Researchers at the University of Chicago (also reported in the New York Times) have explored the tendency to anthropomorphize–how we, especially when lonely, attribute human characteristics to our pets, to inanimate objects, and even to Our Invisible Friend.
The researchers designed three experiments to test their expectations that lonely people are more likely to make up for their lack of social connection by creating humanlike connections with gadgets or pets, or to increase their belief in the supernatural.
In one experiment, the team found a correlation between how lonely people felt and their tendency to describe a gadget in terms of humanlike mental states.
In another experiment, the team made people feel lonely in the laboratory by asking them to write about a time when they felt lonely or isolated. Under those circumstances, they were more likely to believe in the supernatural, whether it be God, angels or miracles, than when they were not feeling lonely.
“If we made them feel lonely, they were also more likely to describe a pet, even if it wasn’t their own pet, as having humanlike mental states that were related to social connection, like being more thoughtful, considerate and compassionate,” Epley said.
The research further revealed that not just any negative emotional state produces this effect. “It’s something special about loneliness,” Epley said. Fear, for example, doesn’t increase reported belief in God, or how people describe their pets.
If loneliness depresses you,
Researchers say that what you’ll do
If no one’s there with whom to sup,
You’ll be inclined to make one up,
Conversing with a dog or cat,
Or maybe, in the lab, a rat.
When lonely, or in isolation
We use anthropomorphization,
Projecting human mental states
Like wants and needs, or loves and hates
On pets, or cars, or even God
(Explains a lot you might find odd!)
We do this when we feel alone
Or isolated, it is shown,
But not when we’re afraid or mad
And not when we are merely sad–
It’s isolation’s misery
That animates our company.
So Wilson, on the island beach
With human kind so out of reach
Became Chuck Noland’s only friend,
Through thick and thin, till (near) the end.

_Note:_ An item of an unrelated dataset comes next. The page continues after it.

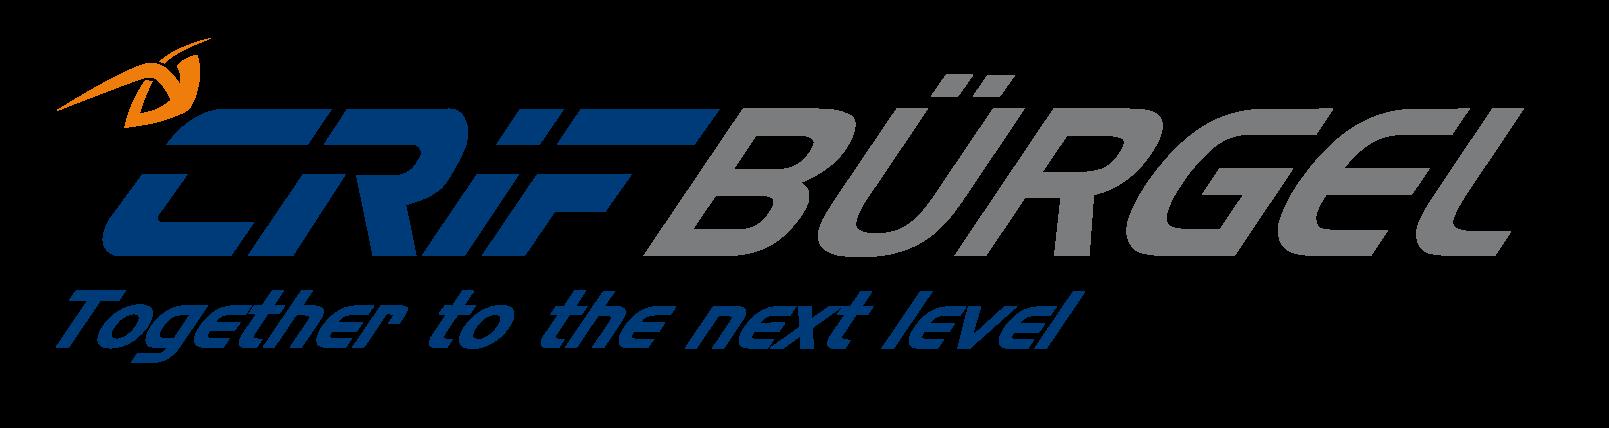 CRIF Bürgel Bankenscore Partner

(In outtakes, we may yet discover,
Wilson also served as lover!)
But why a volleyball? The study
Says the reason for this buddy
Also works to give a god
A greater “humanlike” facade–
So why a ball? The truth, I feel,
Is: Unlike God, the ball was real.
So talking to a volleyball
Is not so crazy after all.
(Oh, and for the record, the application of their study to Wilson is their own idea, not mine.)